Conformément aux dispositions de l'article L. 134-11 du Code de commerce, la société Eole, liée par un contrat à durée indéterminée depuis 17 ans avec la société Algaflex, aurait dû, à tout le moins, respecter le délai de prévenance de 3 mois que cette dernière sollicite et ne pas la priver de la marge brute qu'elle pouvait escompter tirer pendant la durée de ce préavis ; le préjudice subi par celle-ci est déterminé par la moyenne mensuelle de la marge sur trois exercices, à multiplier par le nombre de mois de préavis, dont aurait dû bénéficier la victime de la rupture, soit eu égard aux chiffres avancés par l'appelante et vérifiés par la société CRC, commissaire aux comptes, la somme de 13 506 € (212 986 €/3 = 70 995 € /12= 5 916/mois X 76,10%= 4 502 X 3 = 13 506 € ) que la société Eole sera condamnée à verser à la société Algaflex, à titre d'indemnité compensatrice de préavis. La décision des premiers juges sera donc infirmée de ce chef.

En second lieu, la société Algaflex reproche à la société Eole d'avoir violé la clause de non-concurrence figurant à l'article 9 dudit contrat selon laquelle " l'agent, pendant une durée d'un an à compter de la date de la rupture effective du contrat le liant au mandant, s'engage à ne pas concurrencer celui-ci directement ou indirectement, par personnes ou capitaux interposés et à ne pas collaborer directement ou indirectement avec toute entreprise ayant une activité semblable, similaire ou connexe à l'activité du mandant. Cette interdiction sera limitée au secteur géographique prospecté par l'agent à la date de la rupture. Pendant l'exécution de cette clause, la société Algaflex versera une contrepartie financière. Cette contrepartie cesse d'être due en cas de violation par l'agent de cette clause " ; elle réclame en conséquence la restitution de la somme de 9 879,84 € indûment perçue en rémunération de l'engagement de non-concurrence auquel l'intimée ne s'est jamais conformée et le paiement d'une somme de 50 000 € à titre de dommages et intérêts pour résistance abusive à l'exécution de cette clause.

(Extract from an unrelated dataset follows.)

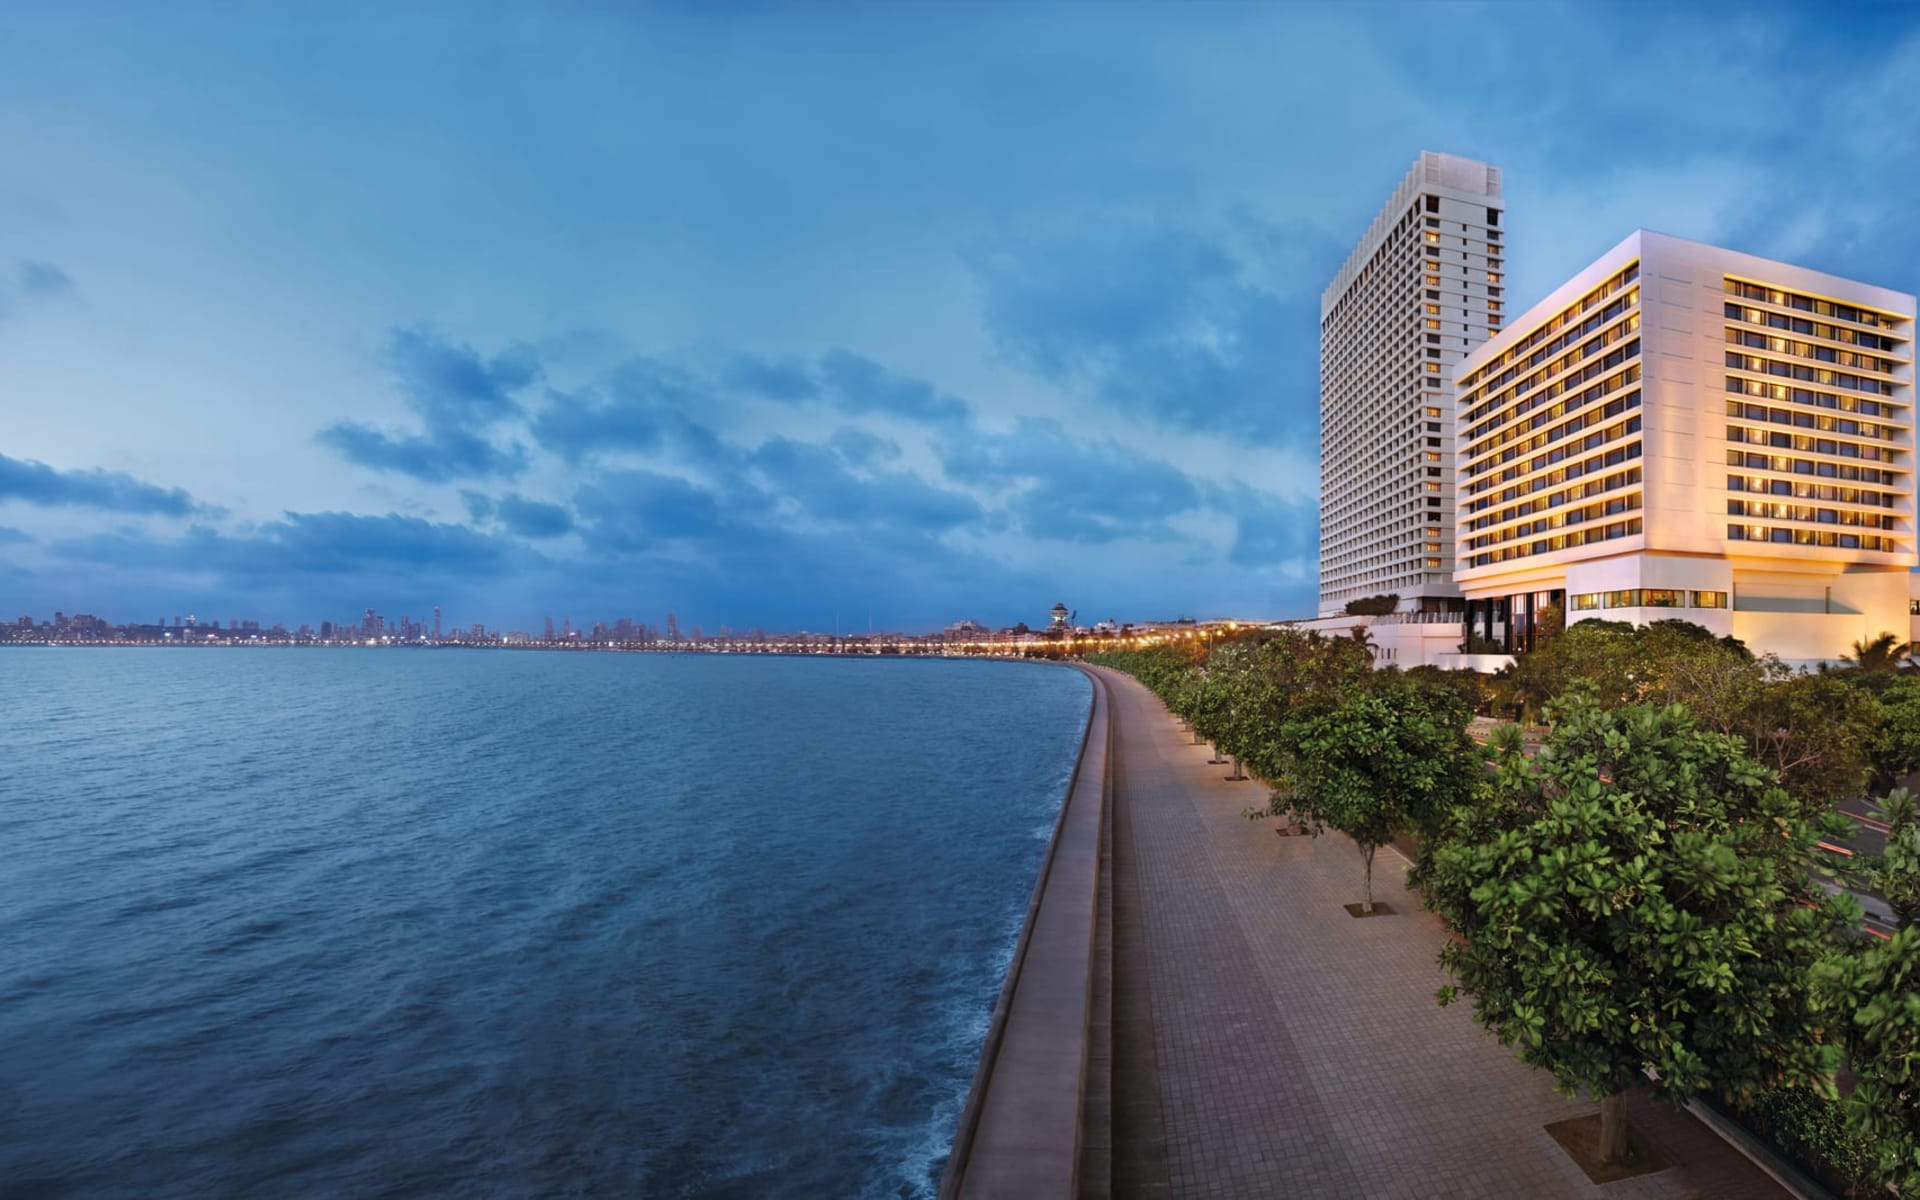 The Oberoi in Mumbai:

La société Eole conteste avoir eu un autre mandat d'agent lui permettant de représenter un fabricant concurrent, et donc avoir souscrit un second contrat d'agent commercial. Elle estime en conséquence les demandes en restitution de l'indemnité et en paiement de dommages et intérêts infondées.

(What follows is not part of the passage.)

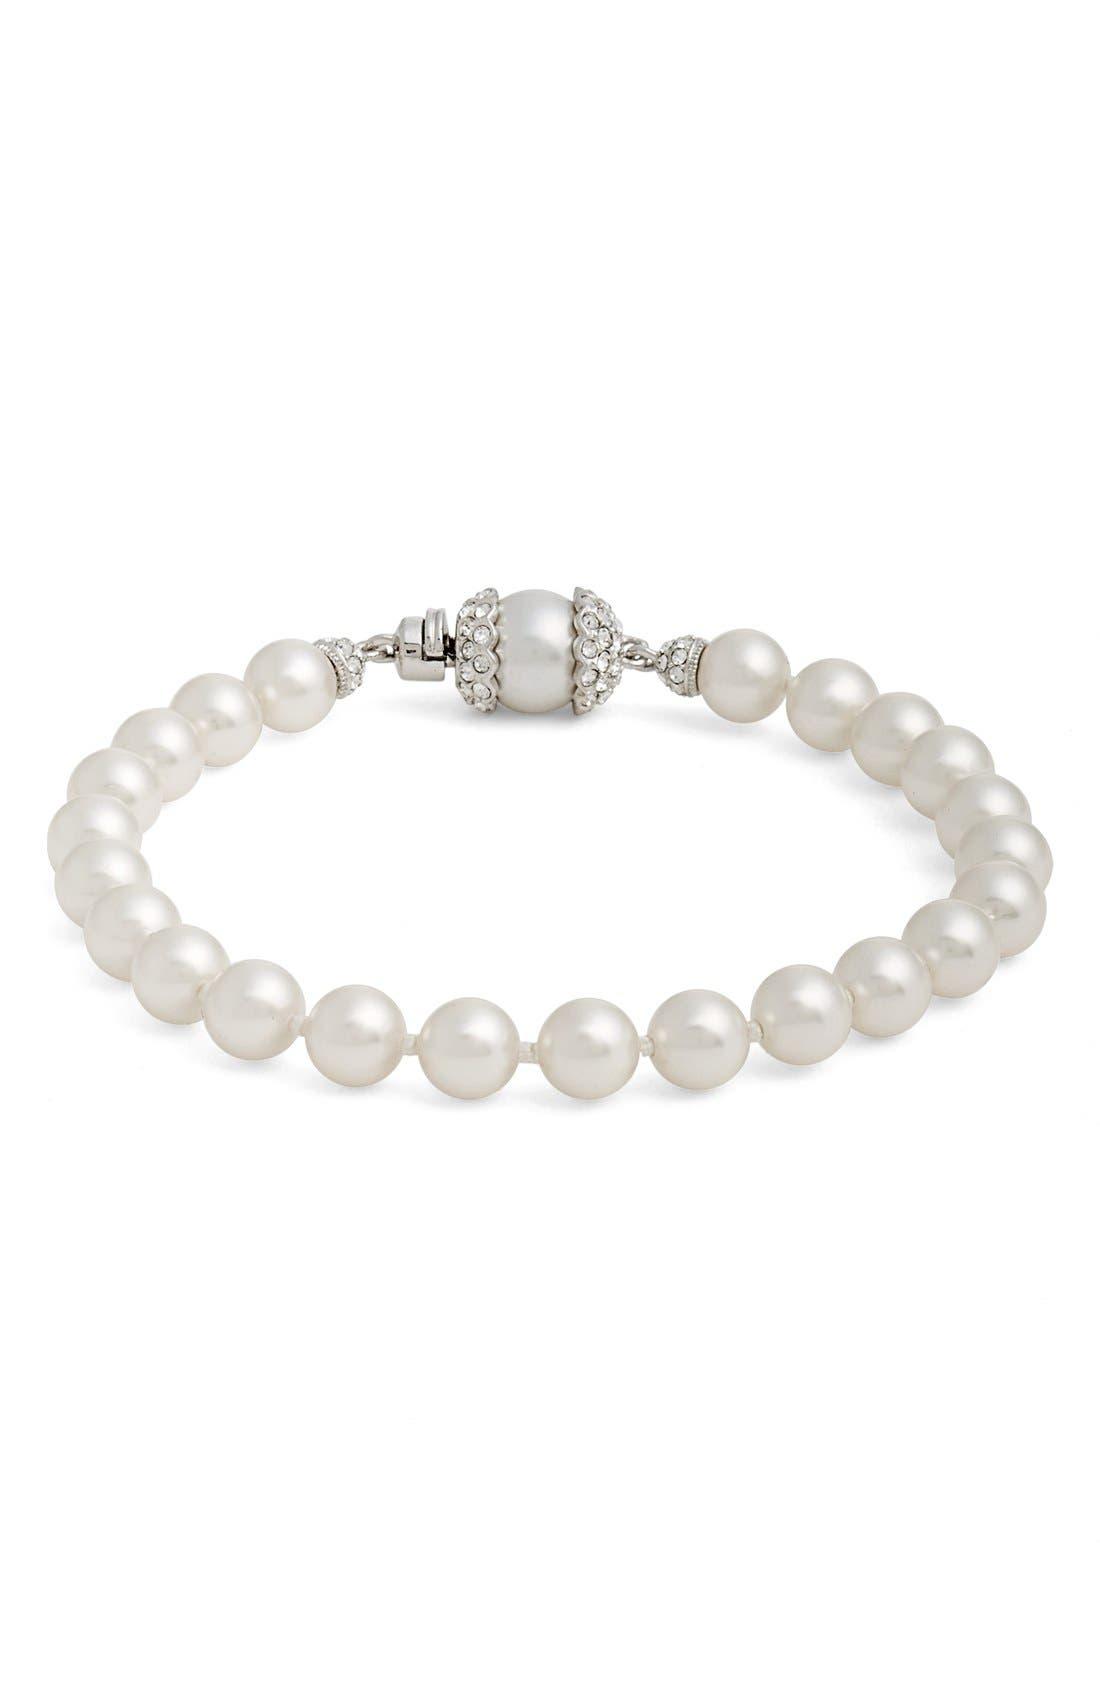 NADRI ImitationPearl Bracelet

Il est constant que la société Eole s'est obligée à ne pas concurrencer la société Algaflex directement ou indirectement, par personnes ou capitaux interposés, pendant une durée d'une année à compter du 10 juin 2014 sur le territoire d'exclusivité réservé, et ce, quel que soit son mode d'intervention. Or, il ressort des procès-verbaux dressés par Maîtres Durand et Godefroy, huissiers de justice, que la société Eole était référencée sur le site internet du salon Artibat qui s'est tenu à Rennes en Ile et Vilaine (35) les 22, 23 et 24 octobre 2014 en qualité d'exposant de murs mobiles et de cloisons extensibles et qu'elle y a occupé un stand 10AF23 dans le hall 10 A. Elle reconnaît au demeurant, dans ses conclusions (page 9), avoir eu une activité d'achat, de revente et de pose de produits concurrents à ceux de la société Algaflex, de sorte que contrairement à ses allégations, elle ne peut prétendre avoir respecté son obligation de non-concurrence limitée dans le temps et l'espace, qui doit s'entendre de façon beaucoup plus large que la seule signature d'un autre contrat d'agent commercial.

La société Eole devra en conséquence être condamnée à restituer à la société Algaflex la somme de 8 233,20 € HT versée au cours des mois de mai 2014 à juin 2015 pour n'avoir pas respecté cette obligation contractuelle. La décision des premiers juges sera également infirmée de ce chef.

En revanche, la demande en dommages et intérêts de 50 000 € formée par la société Algaflex, qui ne justifie par aucune pièce avoir subi un préjudice supplémentaire, ne saurait prospérer, de sorte que le jugement sera confirmé de ce chef.

Sur le contrat verbal de distribution liant les parties

La société Algaflex se plaint d'une rupture brutale des relations commerciales établies sans préavis et sans qu'aucune faute de sa part ne le justifie. Elle excipe d'un chiffre d'affaires en constante augmentation depuis plus de quinze ans (passant de 87 469,05 € en 1999 à 2 023 308 € en 2013) et impute la responsabilité de la rupture de la relation de distribution à la seule société Eole, qui a diminué considérablement à compter de mai 2014 le volume des commandes de ses produits donnant lieu à un chiffre d'affaires de seulement 186 243 € pour le second semestre 2014 contre 1 078 591 € au second semestre 2013, soit une chute de plus de 80 % entre le premier et le second semestre 2014 qui n'est pas due à une crise du marché. Elle fait également valoir que l'intimée n'a jamais manifesté clairement son intention de rompre les relations avant le 4 juillet 2014 et a entretenu l'incertitude sur son intention de rompre sans jamais lui notifier la durée de préavis qu'elle entendait lui octroyer.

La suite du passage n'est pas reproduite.